While the non-political investment decisions of university treasurers do not typically attract wide attention, the California system itself has some experience with it.

In 2014, Peter Taylor, the system’s chief financial officer at the time, faced protests over a bad bet on interest rate swaps that would pay benefits if interest rates started to rise. Instead, his move was estimated to cost the system as much as $136 million over several decades, worsening the pain of state disinvestment.

Now, with its century bonds, California has a chance to make that up, and more. It already raised $1.36 billion in century bonds issued in 2012 and 2015, largely used to help build classrooms and research facilities that the state would have funded in past years, Ms Arrivas said. The planned new round worth $2 billion is intended to help its medical facilities with tasks that include meeting a state law requiring earthquake-proof construction, she said.

Other US institutions issuing such bonds in recent years include the Massachusetts Institute of Technology, Ohio State University, the University of Pennsylvania, Yale University and the University of Virginia.

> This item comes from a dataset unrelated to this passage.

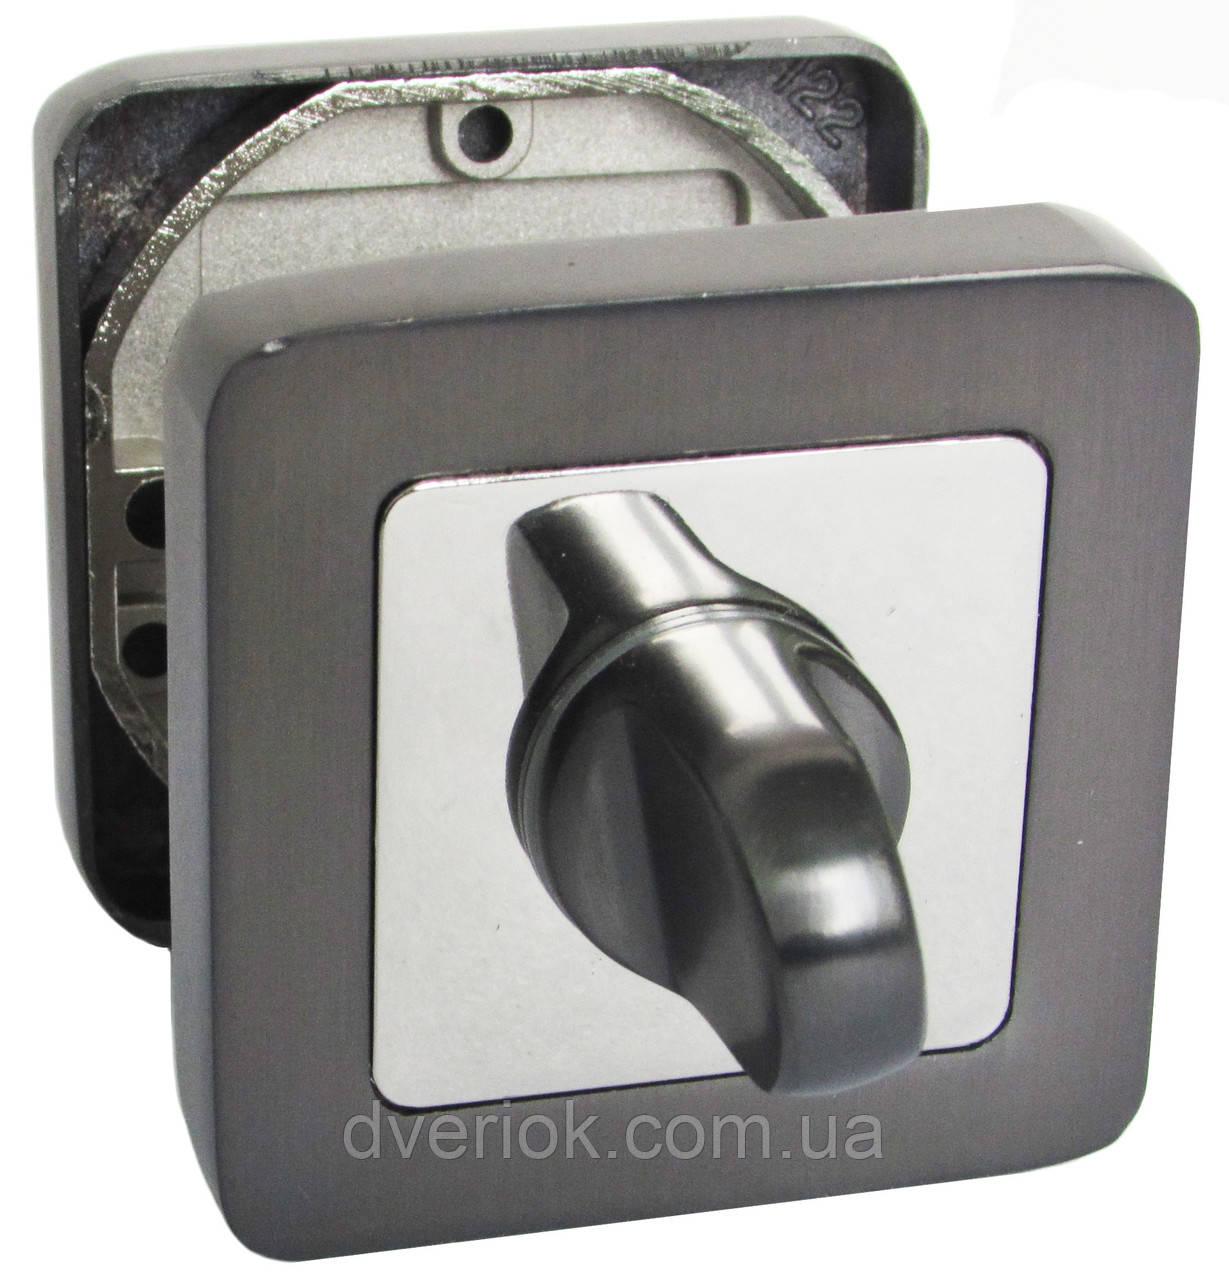 Накладка-поворотник USK Z-70WC MBN/NP графит

Mr Gower said he didn’t expect students and faculty to reach the point of joining him in discussions of weighty decisions such as century bonds. But the experience has reinforced his belief that the academic community somehow needs a better understanding of institutional financial realities.

“The more they know, the better the discussions can be,” he said. “There’s a perception that money comes from Trenton [New Jersey’s state capital] for these things, or we’ve got unlimited amounts of money in a piggy bank somewhere in the basement of the administration building, and that’s just not the case.”